(Information begins)

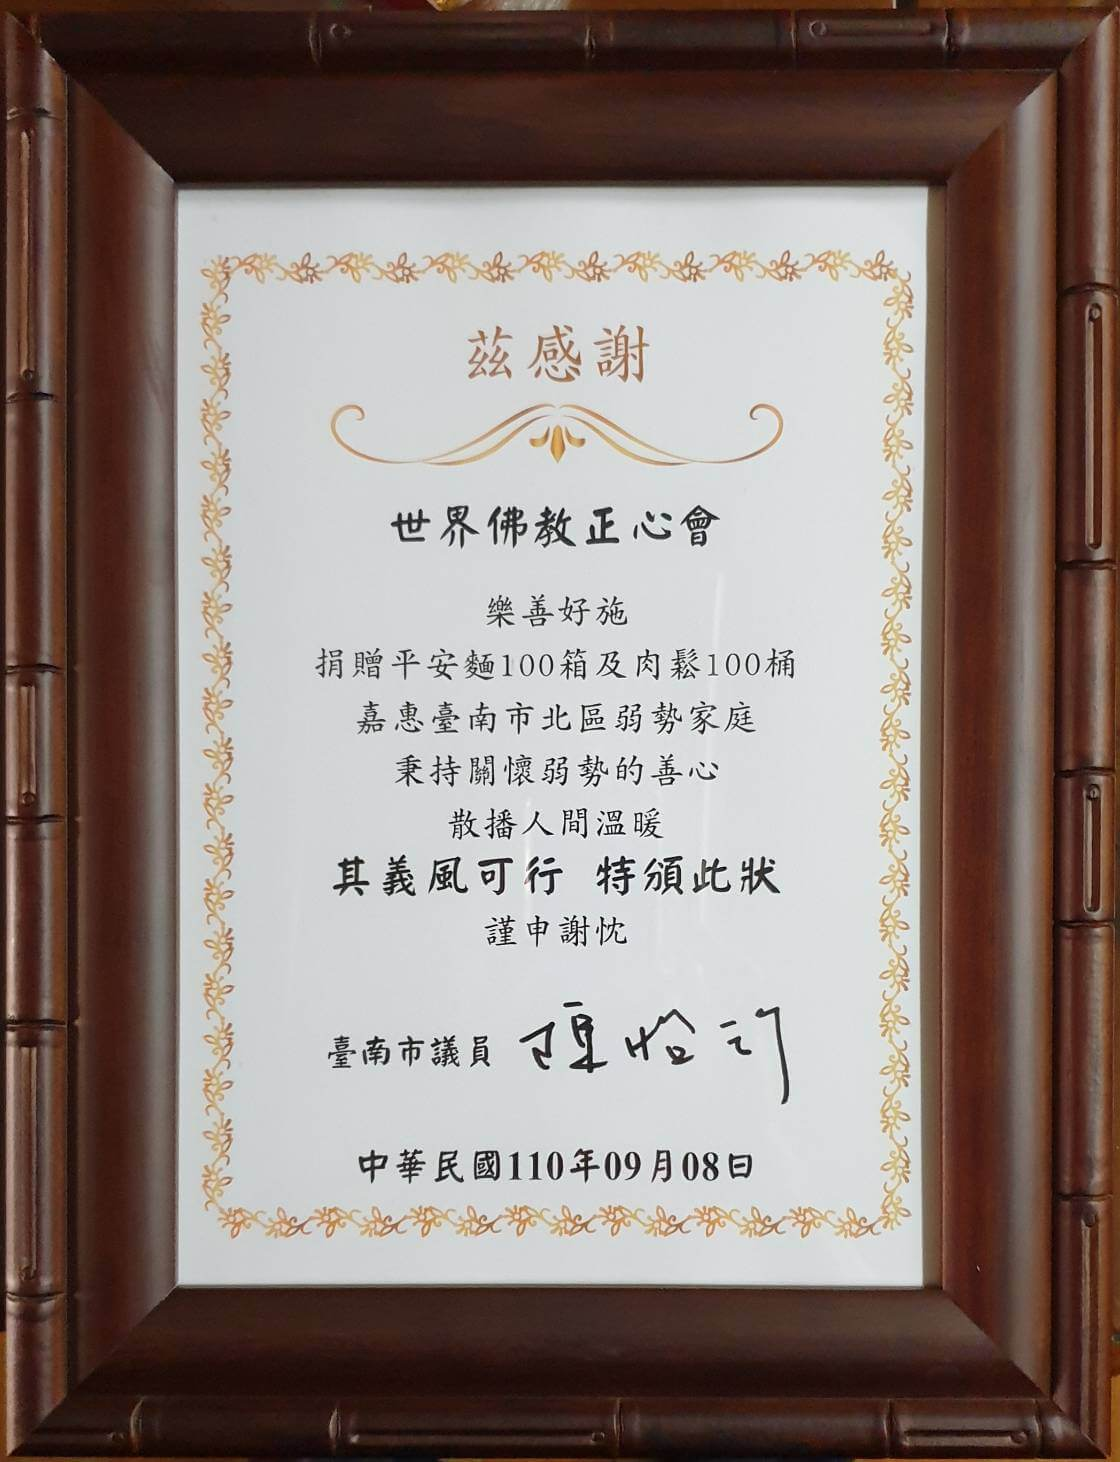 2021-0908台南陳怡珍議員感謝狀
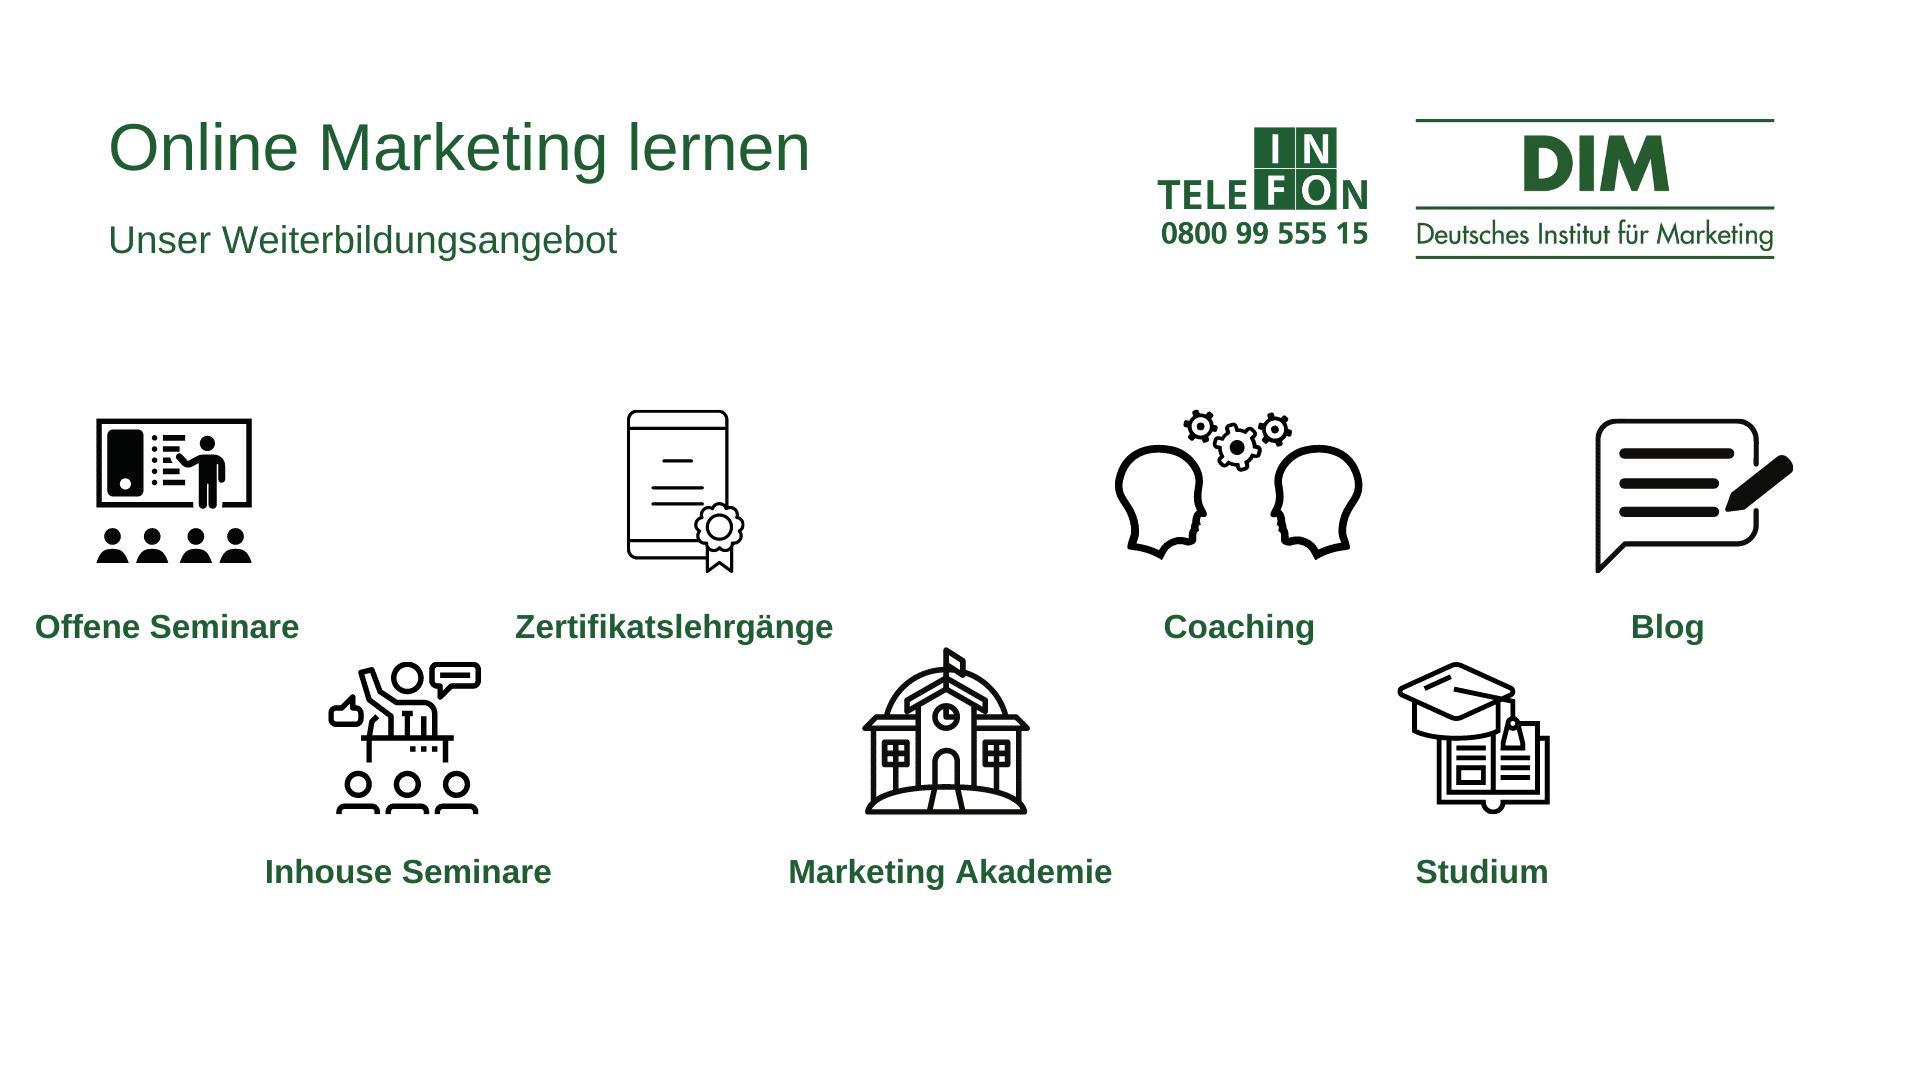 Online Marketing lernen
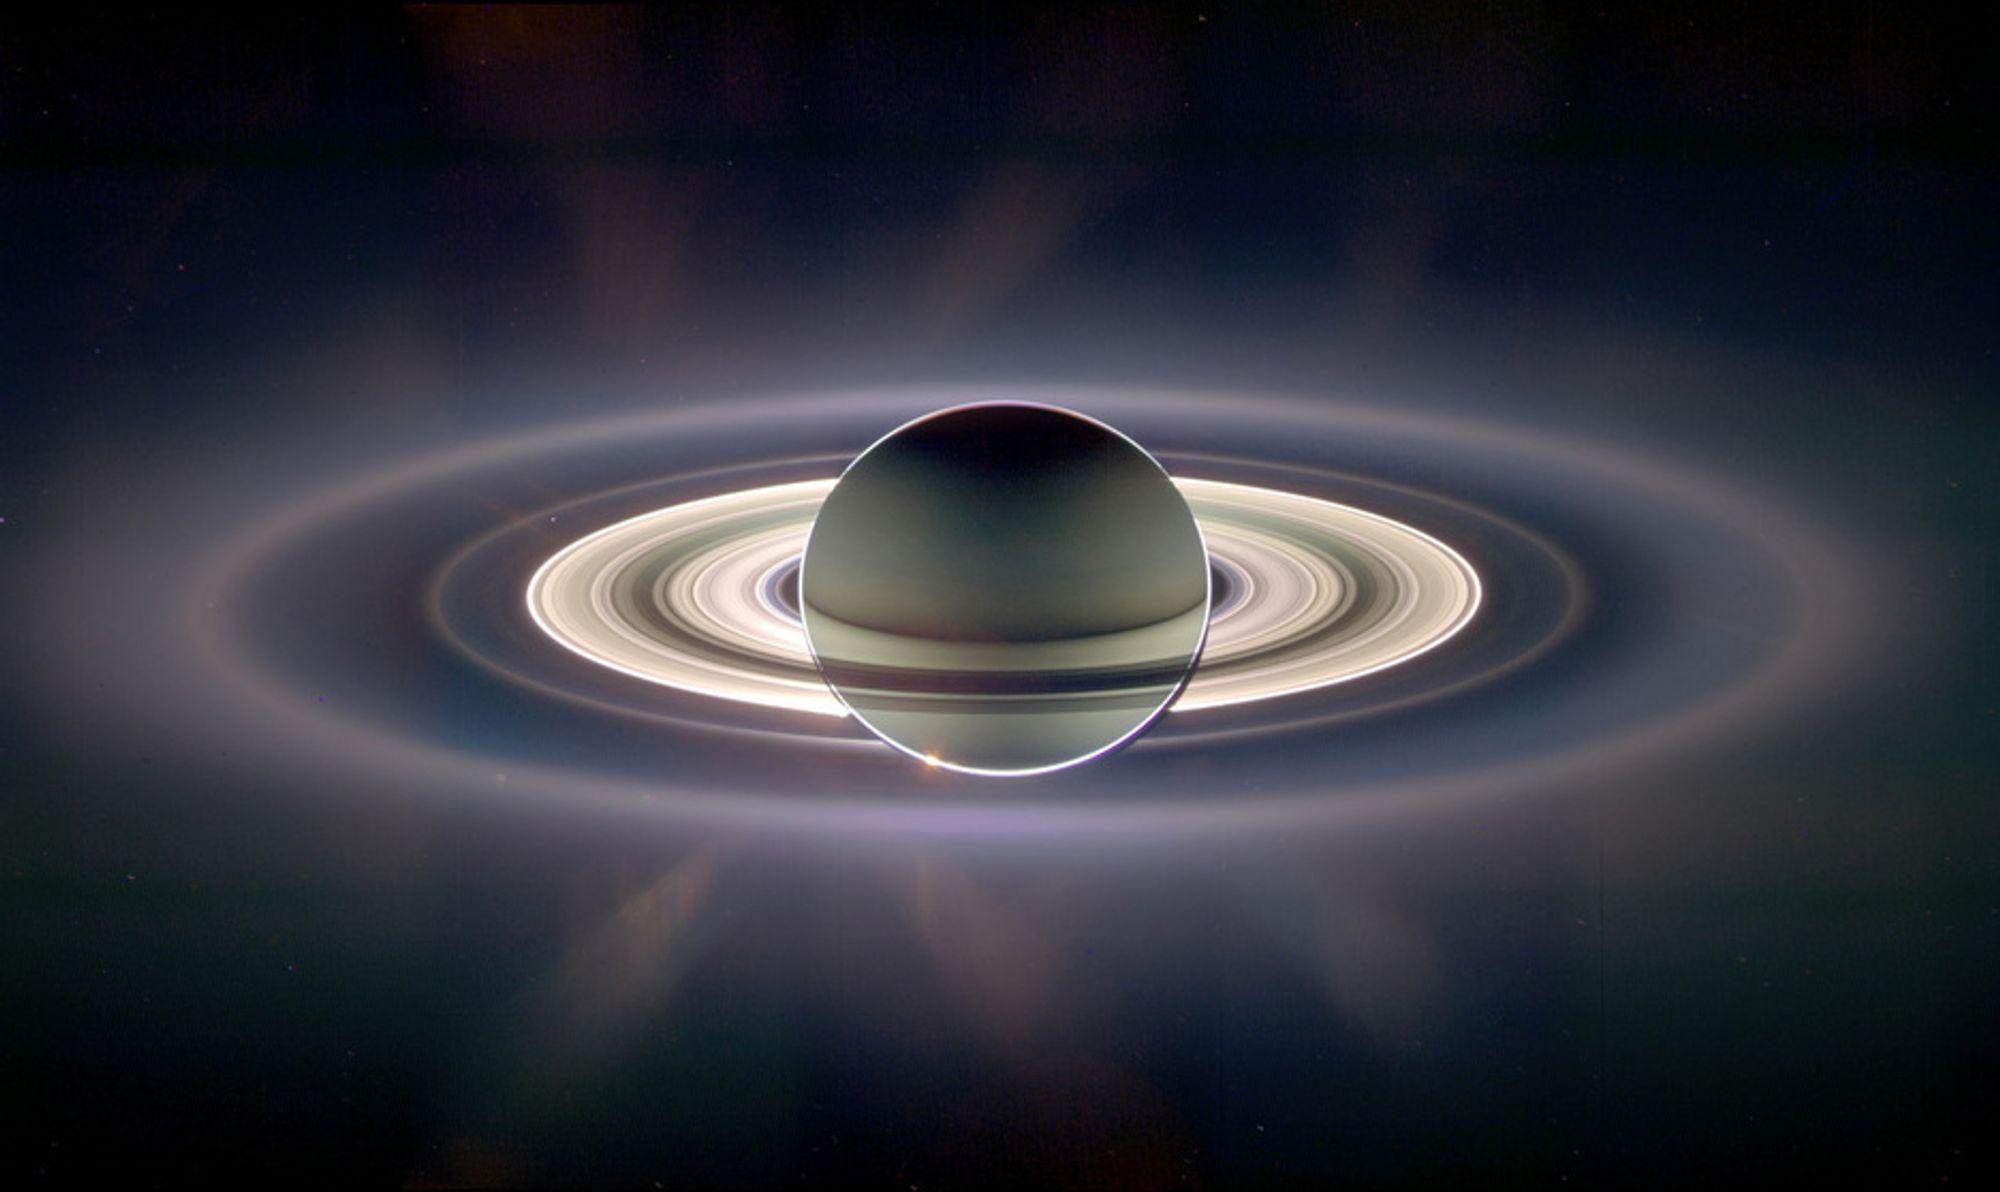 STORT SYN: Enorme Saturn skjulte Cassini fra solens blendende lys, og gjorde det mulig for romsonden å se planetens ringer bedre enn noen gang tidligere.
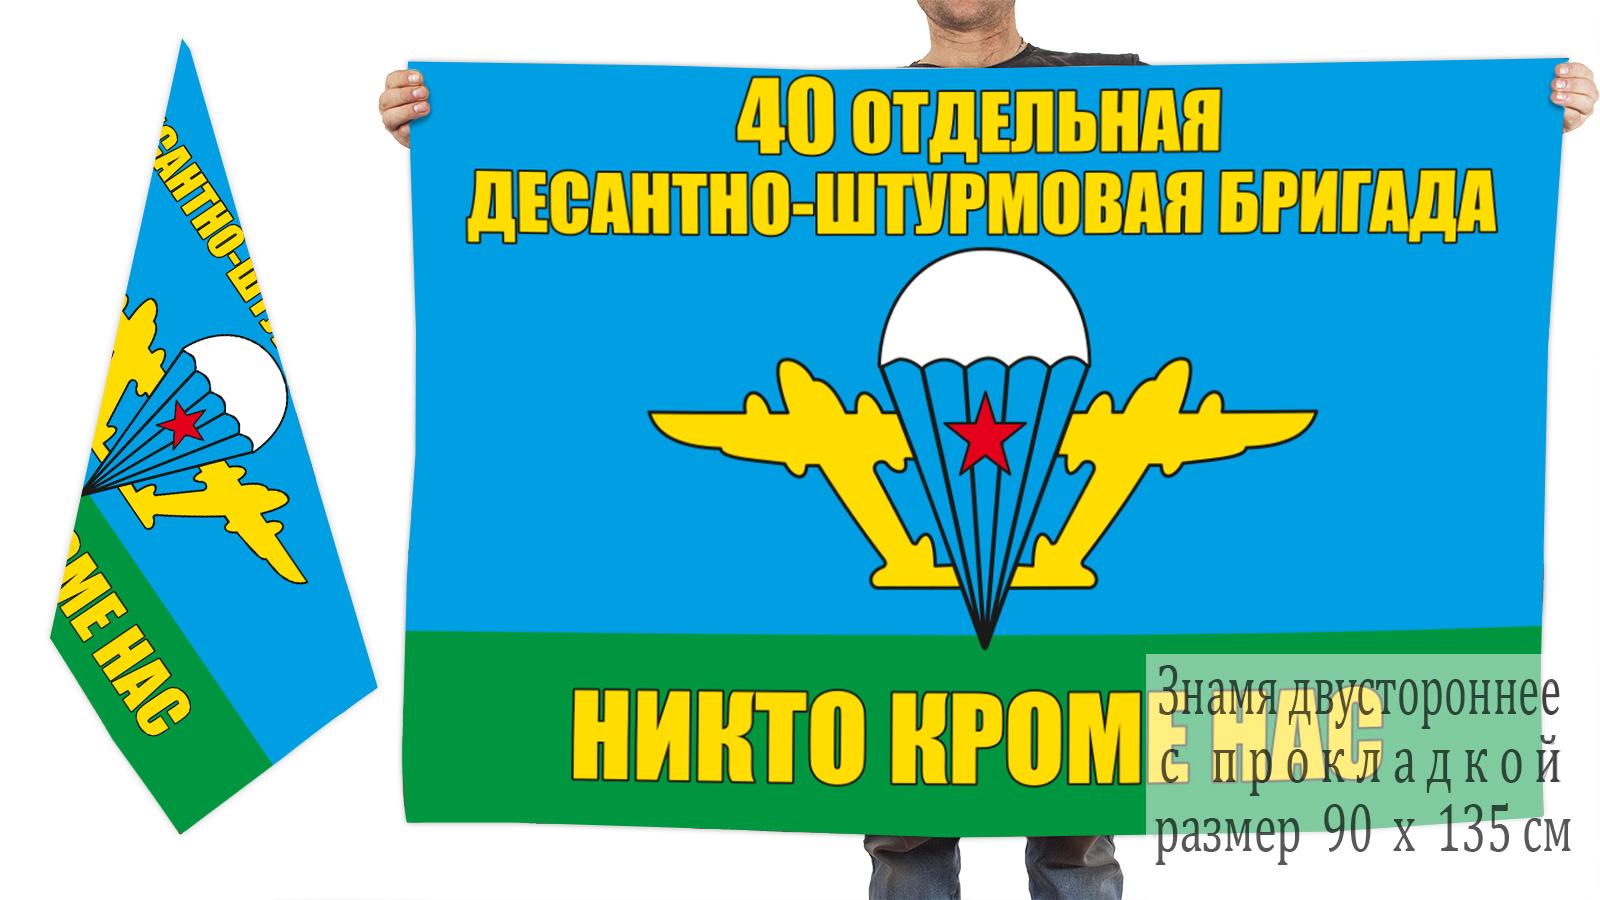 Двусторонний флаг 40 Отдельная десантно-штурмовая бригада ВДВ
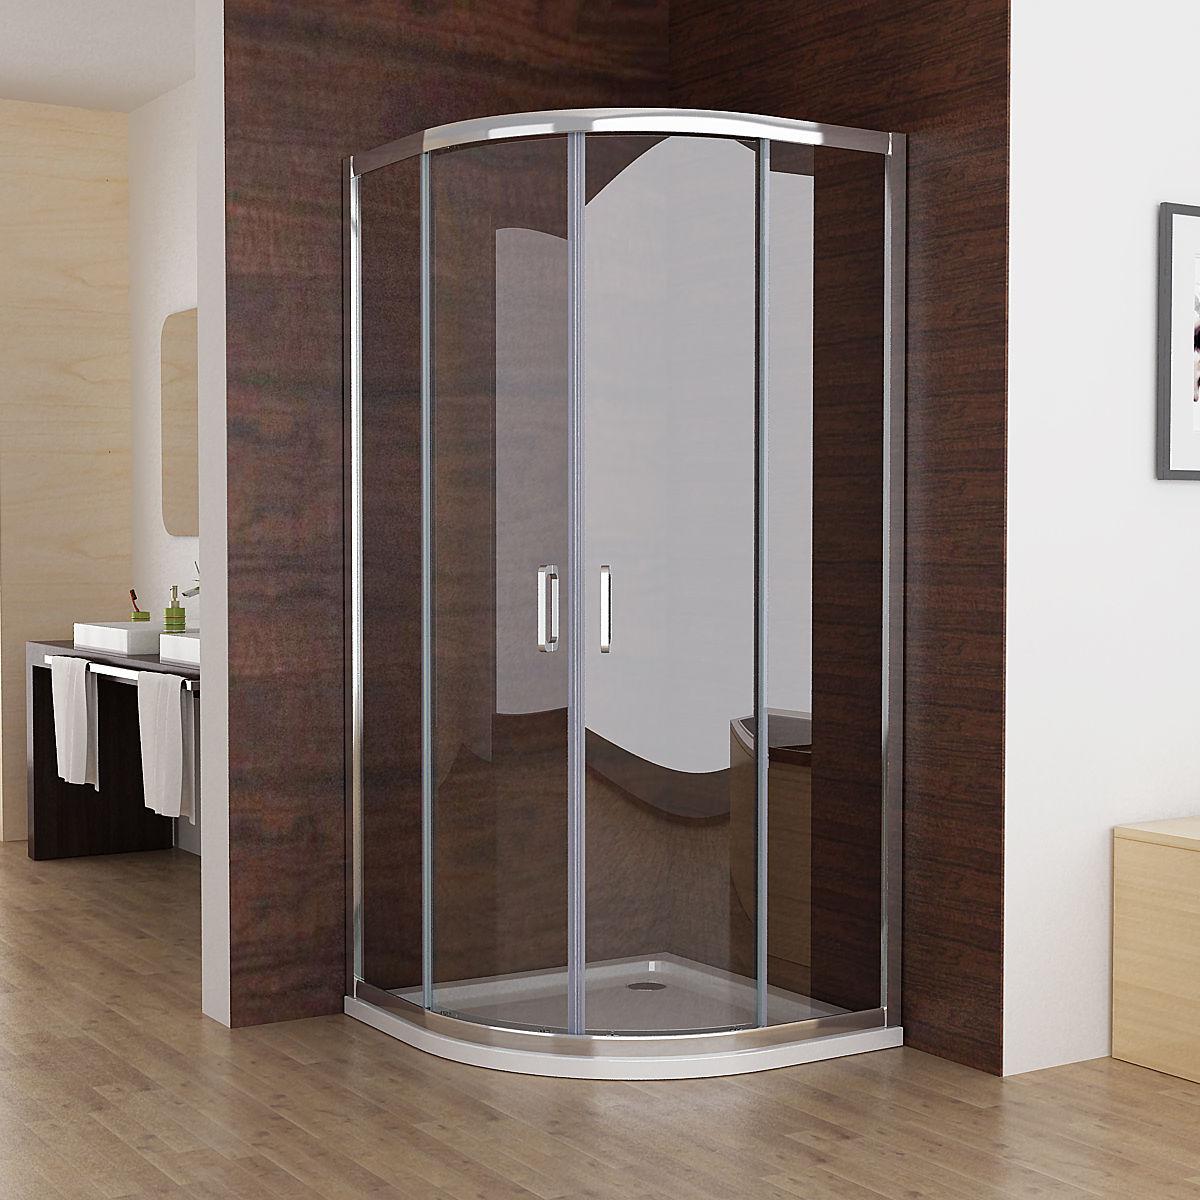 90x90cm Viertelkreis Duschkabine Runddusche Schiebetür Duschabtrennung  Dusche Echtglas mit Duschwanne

(Information ends)

● Work task
Keep every word of the records exact as you write them out, but drop the pictures.

● Result of the task
 2021-0908台南陳怡珍議員感謝狀
 Online Marketing lernen
 STORT SYN: Enorme Saturn skjulte Cassini fra solens blendende lys, og gjorde det mulig for romsonden å se planetens ringer bedre enn noen gang tidligere.
 Двусторонний флаг 40 Отдельная десантно-штурмовая бригада ВДВ
 90x90cm Viertelkreis Duschkabine Runddusche Schiebetür Duschabtrennung  Dusche Echtglas mit Duschwanne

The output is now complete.